Do you really need a watermark? If you’re Anthropic, and you’re required to be able to verify whether your models produced a particular block of text, can’t you simply run the text through each model, measuring as you go how closely the model’s predicted tokens match each token from the text?
Not really. The space of “all possible Claude Sonnet answers to a question” is way larger than the space of “all possible watermarked answers to a question”. In other words, you’d get too many false positives for human text that reads like it was AI-written. It’s way more likely for a human to accidentally write like Claude than it is for a human to accidentally reproduce a watermark.
It would also be prohibitively expensive to run every Anthropic model against a piece of text in order to watermark it. The EU AI Act will eventually require labs like Anthropic to offer free watermarking services to every EU citizen (see Commitment 2). You couldn’t do that with the “run the model” approach.
How SynthID works
As far as I know, the only AI provider to say they watermark text output is Google, who use a tool called SynthID. Here’s how it works.
When a LLM generates text, it’s generating a series of tokens (words or chunks of words). At each step, the model itself doesn’t output a single token, but instead outputs a full list of all (say) 100,000 tokens in its vocabulary, each annotated with the probability that that token will be the next one. Tools like ChatGPT or Claude Code will pick semi-randomly from the most likely options in order to get their outputs. This semi-random sampling process can be influenced in a detectable way.
For instance, we could choose a sampling strategy like “we pick the second most likely token, then the first, then the second, then the first, and so on”. That would still produce high-quality output, but you’d be able to re-run the model against the generated text to verify that the pattern holds. However, that’d make verification really expensive, and any slight tweaks to the output would break the pattern and thus break the fingerprint. Is there a better way?
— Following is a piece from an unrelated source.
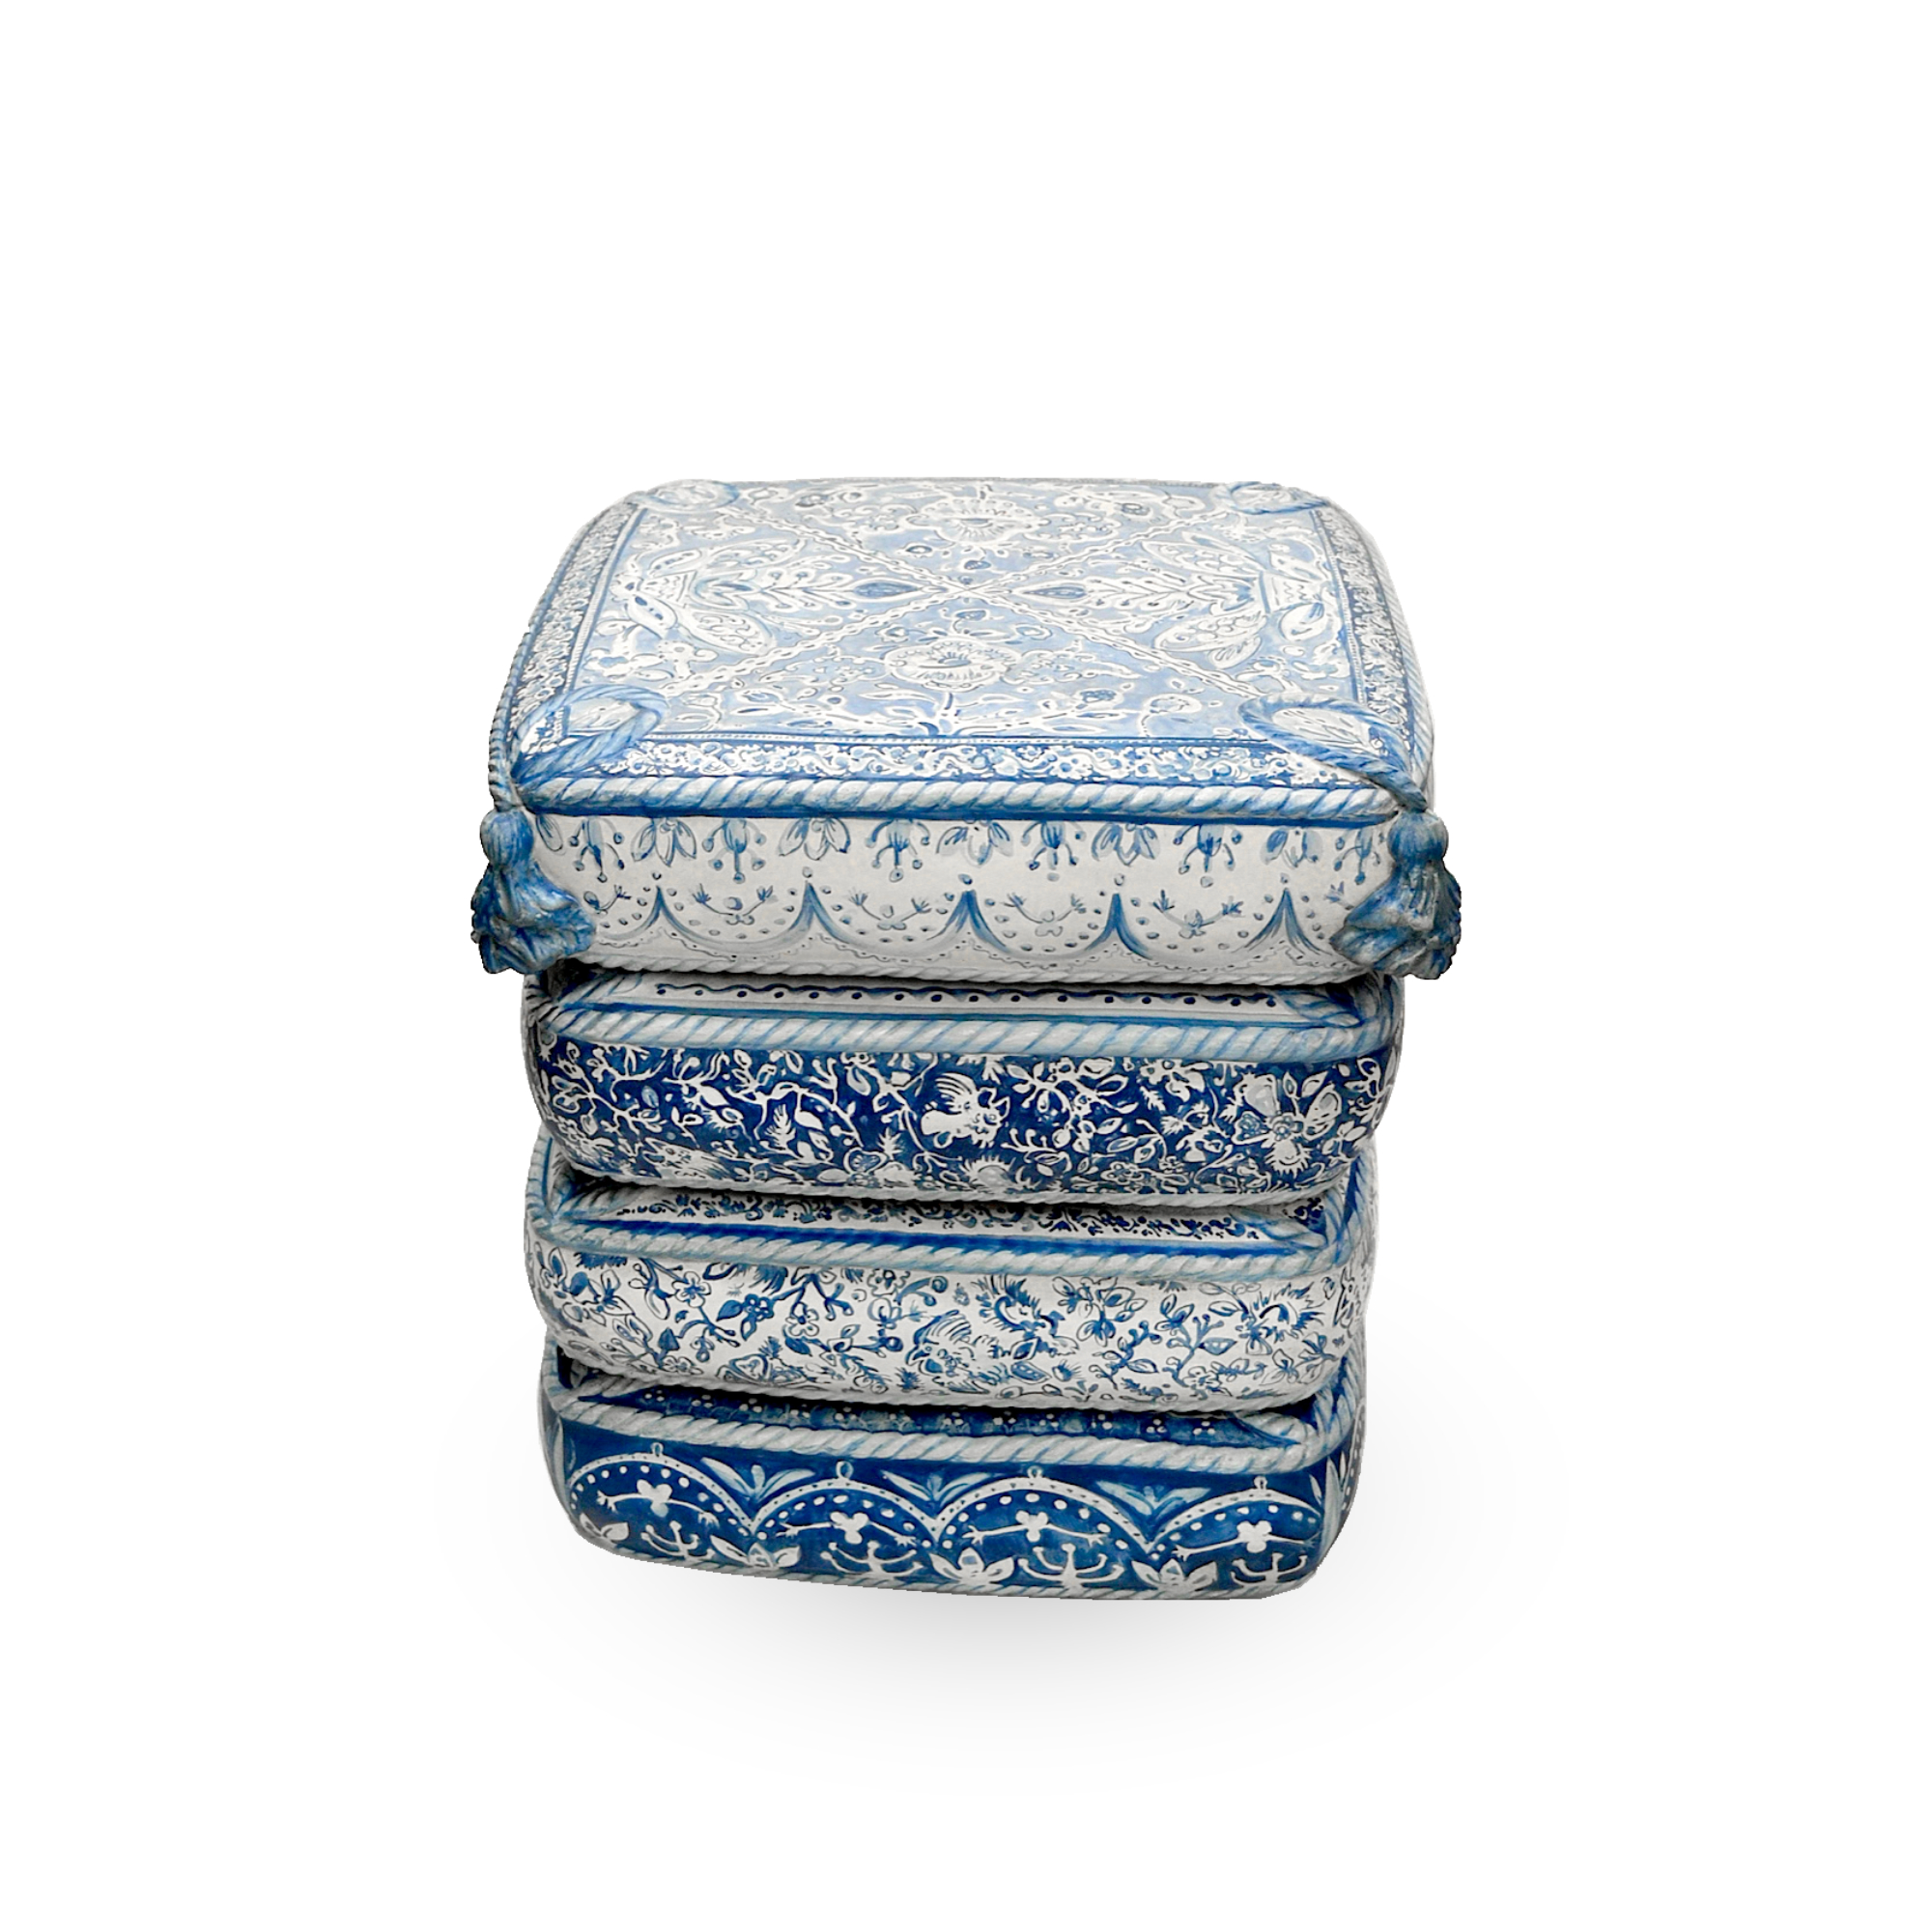 Hand-Painted-Cushion-Blue-Floral.jpg
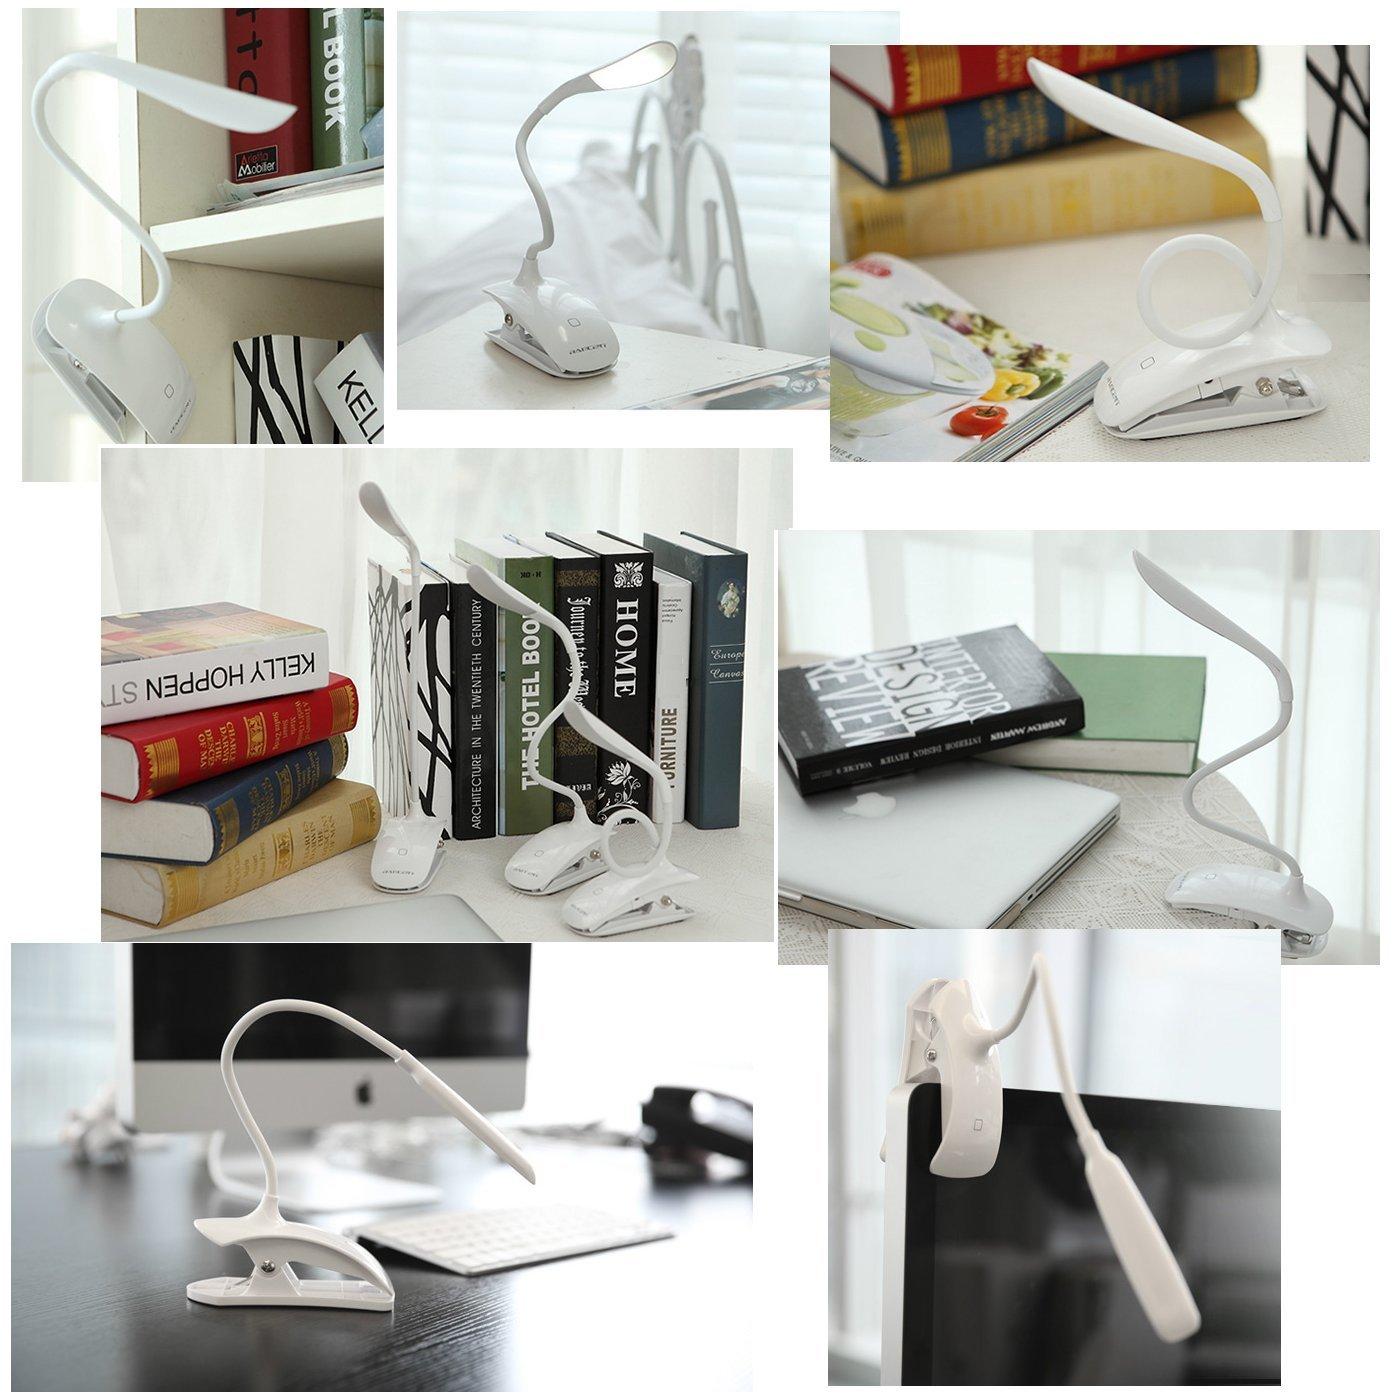 Clip Desk Lamp Table Led Bulb Lamps Set Usb Outlet White

Yes. SynthID is a process for assigning each token a “score” based on its previous tokens (for instance, sum the token’s ID with the IDs of its previous three tokens then take mod 5)5. To apply the watermark, the model adopts a sampling strategy like “out of the top five most likely tokens, pick the one with the top SynthID score”6. The watermark can then be detected by calculating the aggregate SynthID score of a block of text. If it’s suspiciously high, it’s very likely to have been AI-generated.
This is basically a version of the common advice that you can identify LLMs by use of the em-dash, except that instead of a list of keywords, it relies on subtle mathematical relationships between words that humans can’t identify. Because the process for assigning the score is trivial, it’s very cheap to run watermark detection.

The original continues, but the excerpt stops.